A prova da 2ª fase se caracteriza pela aplicação de prova discursiva, de caráter classificatório, composta de seis questões valendo até 20 pontos cada. Agendada para 28 de setembro (sábado), às 14h30 (horário de Brasília), ela terá duração de 3h, exceto para os alunos com necessidades especiais que precisarem de auxílio para a realização da mesma. Nesses casos, a duração será de 4h.

9 de agosto é o prazo para as escolas solicitarem, via portal da Obmep, tratamento especial para alunos sabatistas, portadores de necessidades especiais, transferências e acerto de nomes incorretos. Já os locais de provas serão divulgados em 27 de agosto. Os premiados serão conhecidos em 3 de dezembro.

Os 17 câmpus e o respectivo número de alunos classificados para a última etapa da Olimpíada são:


Câmpus Araranguá - 31 alunos
Câmpus Canoinhas – 12 alunos
Câmpus Caçador - 19 alunos
Câmpus Chapecó – 19 alunos
Câmpus Criciúma – 19 alunos
Câmpus Florianópolis – 62 alunos
Câmpus Garopaba – 12 alunos
Câmpus Itajaí – 19 alunos
Câmpus Jaraguá do Sul-Centro – 19 alunos
Câmpus Joinville – 31 alunos
Câmpus Palhoça – 19 alunos
Câmpus São Carlos – 12 alunos
Câmpus São José – 19 alunos
Câmpus São Miguel – 19 alunos
Câmpus Urupema – 6 alunos, e
Câmpus Xanxerê – 19 alunos

Preparação

O Câmpus São Carlos, que conta com 12 alunos classificados, está com as inscrições abertas, até 2 de agosto, para um projeto de preparação para a prova da segunda fase da Olimpíada Brasileira de Matemática das Escolas Públicas (Obmep).

O projeto de extensão foi intitulado “Preparação para a Olimpíada Brasileira de Matemática das Escolas Públicas (Obmep) como meio de transformação social”. O professor explica que o objetivo das aulas é abordar os conteúdos que não são abordados em sala de aula e resolver os exercícios e simulados de edições passadas da competição.

Serão ofertadas 28 vagas gratuitas e qualquer aluno de escola pública ou particular que tenha sido aprovado para a segunda fase (nível 3) da Obmep pode se inscrever. Para isso, é necessário enviar um e-mail para o coordenador do projeto, professor Elton Félix: O endereço de e-mail address está sendo protegido de spambots. Você precisa ativar o JavaScript enabled para vê-lo. . No e-mail é preciso escrever: nome completo; escola em que está regularmente matriculado; e número de acertos da primeira fase.

As aulas serão realizadas com materiais específicos do Instituto de Matemática Pura e Aplicada (IMPA), especificamente para a Olimpíada. O projeto será sempre nas segundas-feiras, das 18h40 às 20h40, iniciando em 5 de agosto e finalizando em 23 de setembro de 2019, no Câmpus São Carlos.

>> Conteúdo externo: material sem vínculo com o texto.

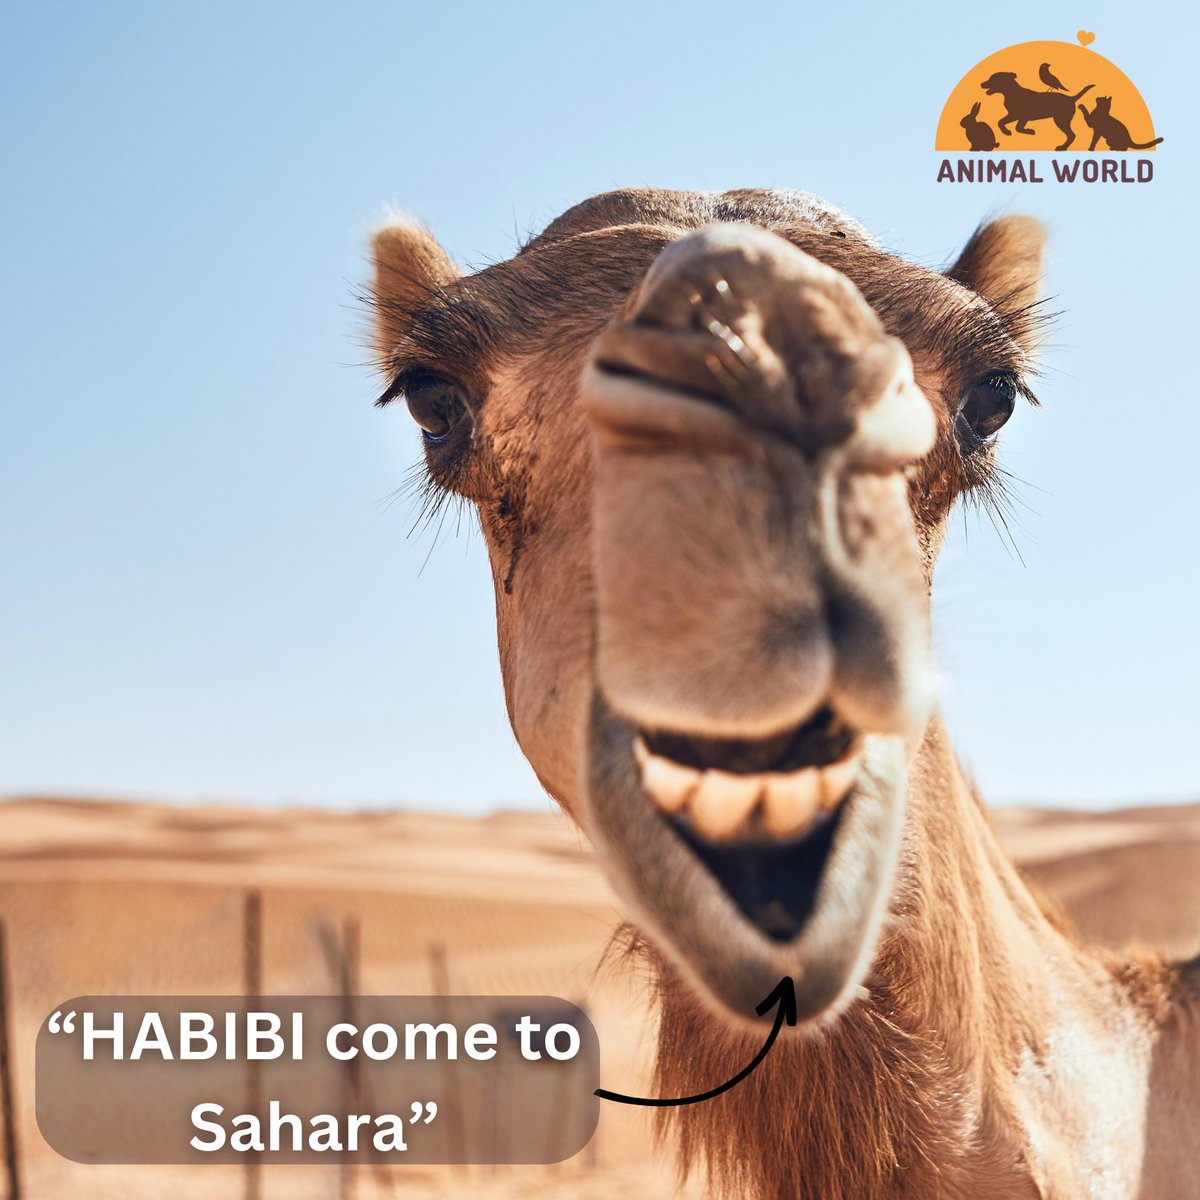 🐫 'Hey there, habibi! 🌵 The Sahara's calling, and it's time for a sand-tastic adventure! Pack your sunscreen and let's make some dunes-day memories! 🌞🏜️ #CamelAdventures #SaharaSquad #HabibiInTheDesert #TravelGoals #animalworldx #animalworld' 🐪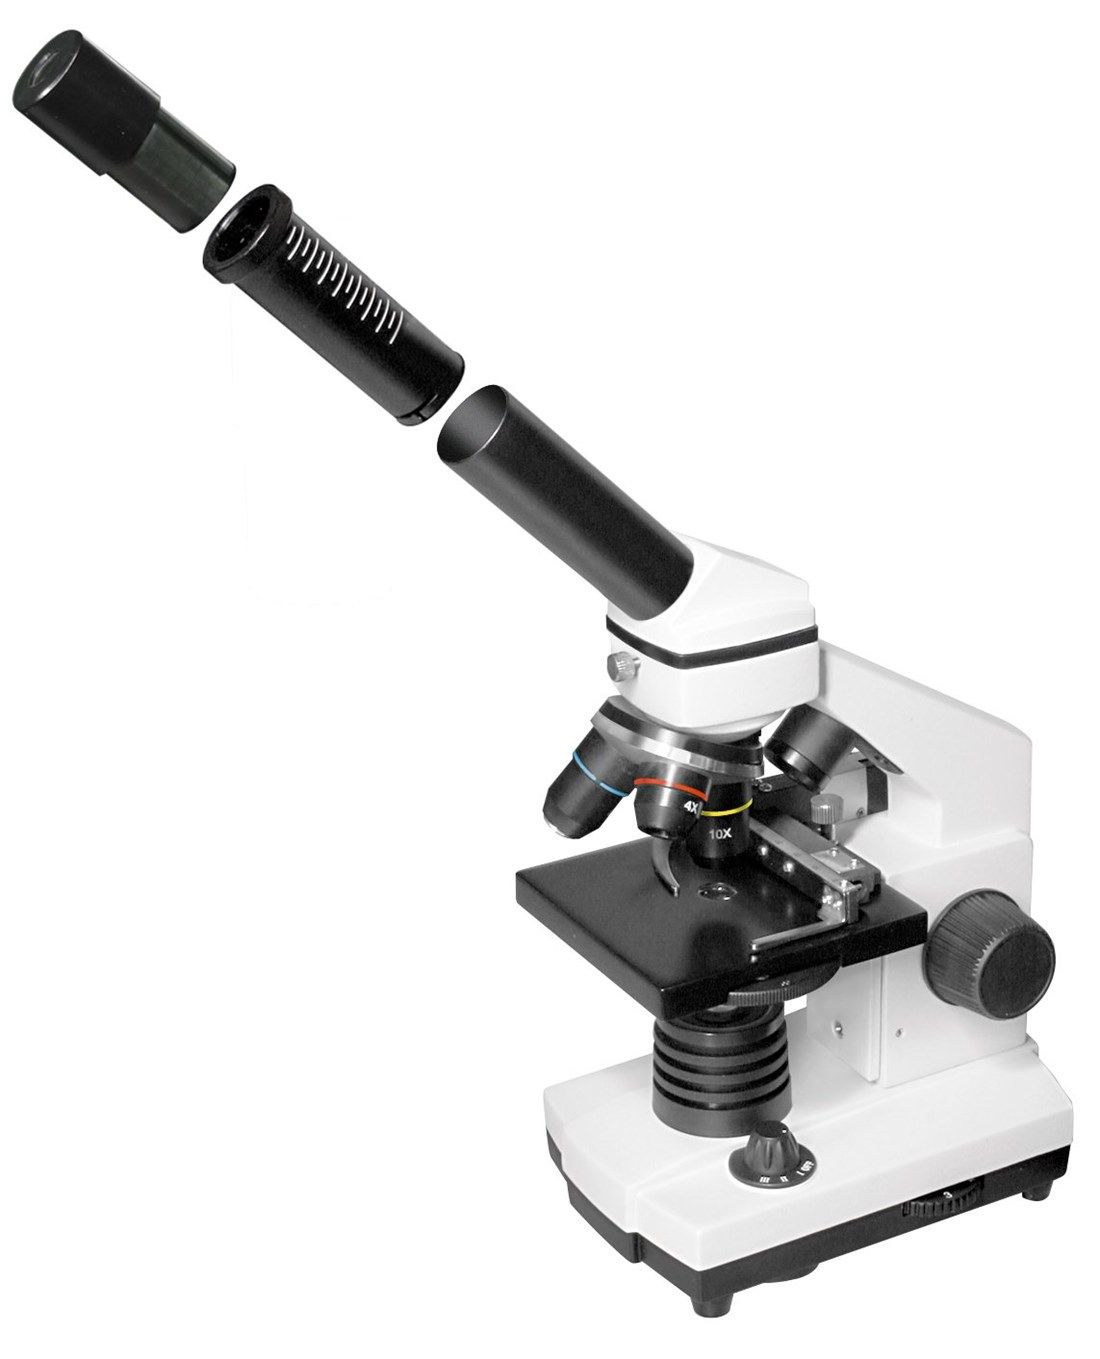 Product Image of BRESSER Biolux NV 20x-1280x Microscope with HD USB camera

Em Joinville, os estudantes do IFSC além de participarem de um grupo de estudo para a Obmep também puderam compartilhar seus conhecimentos e o amor pela matemática com estudantes da rede municipal. Por meio do projeto de extensão Divulgação e preparação para olimpíadas de matemática em escolas da rede municipal de Joinville, João Marcos de Oliveira, Natália Gandra dos Santos Trigoli, Raíssa Barbi Ciscon e Sarah Isabella da Costa atenderam 85 alunos em quatro turmas, duas de nível I (6º e 7º anos) e duas de nível II (8º e 9º anos), da Escola Municipal Professora Zulma do Rosário Miranda, localizada próxima ao IFSC.

Durante as aulas preparatórias para a primeira fase da Obmep, os estudantes do IFSC acabaram descobrindo outra paixão: ensinar. Este é o caso de Natália Trigoli, do 5º módulo do técnico em Eletroeletrônica, que está toda orgulhosa com os resultados obtidos pela sua turma. “Eu nunca tinha sentido esse sentimento de orgulho de algo que eu pude ajudar. Mas só ajudar mesmo, porque o esforço foi todo deles. Os alunos que frequentaram todas as aulas, participavam das atividades e faziam os exercícios conseguiram um ótimo resultado”, comenta.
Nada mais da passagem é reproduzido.